BEGIN
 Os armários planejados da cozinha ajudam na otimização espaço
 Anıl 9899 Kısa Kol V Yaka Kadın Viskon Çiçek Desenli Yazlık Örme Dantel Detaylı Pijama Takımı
END
BEGIN
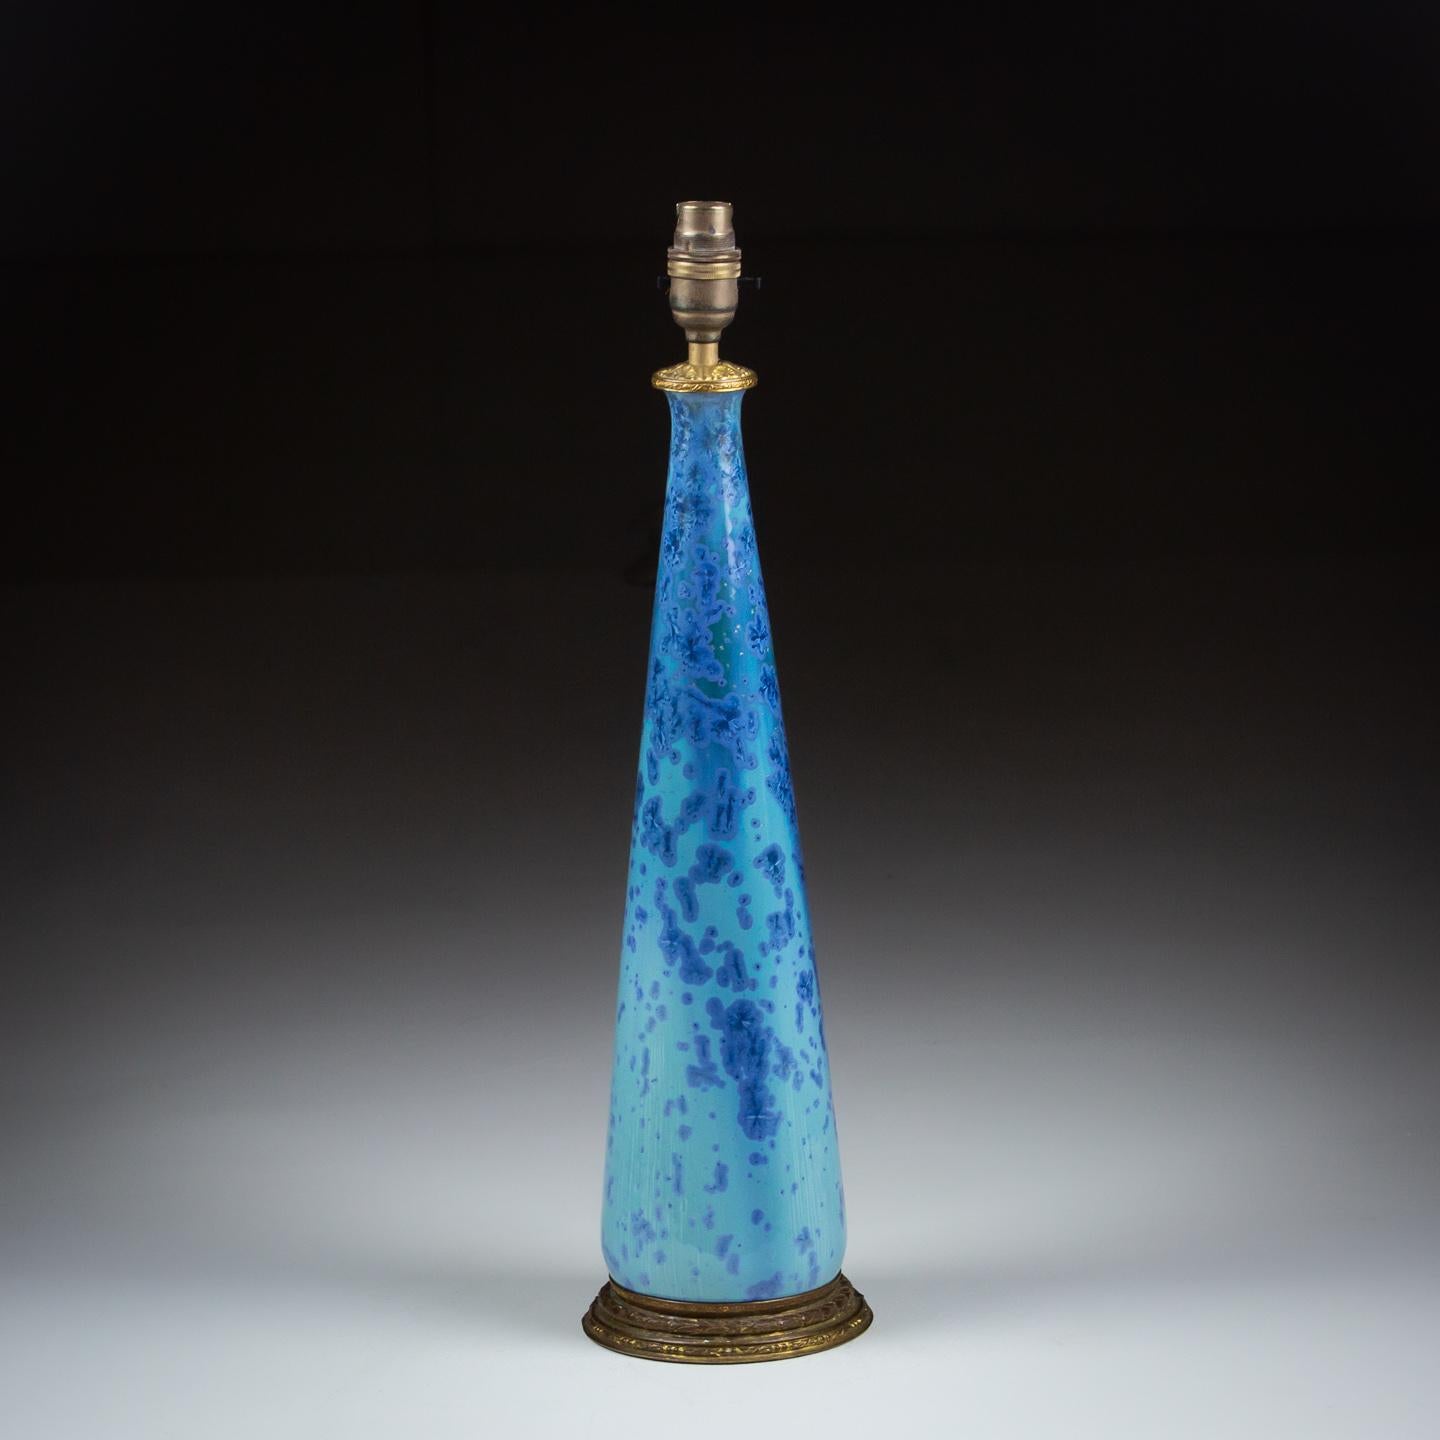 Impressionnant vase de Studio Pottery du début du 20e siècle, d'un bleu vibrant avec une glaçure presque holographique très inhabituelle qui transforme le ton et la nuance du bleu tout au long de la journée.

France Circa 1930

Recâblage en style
END
» **PROBLEM REQUIREMENTS**
The response should hold exactly the lines starting at the line with "Os armários planejados" and ending at the line with "Anıl 9899 Kısa", and no other line of the material above.

» **ANSWER TO THE EXERCISE**
 Os armários planejados da cozinha ajudam na otimização espaço
 Anıl 9899 Kısa Kol V Yaka Kadın Viskon Çiçek Desenli Yazlık Örme Dantel Detaylı Pijama Takımı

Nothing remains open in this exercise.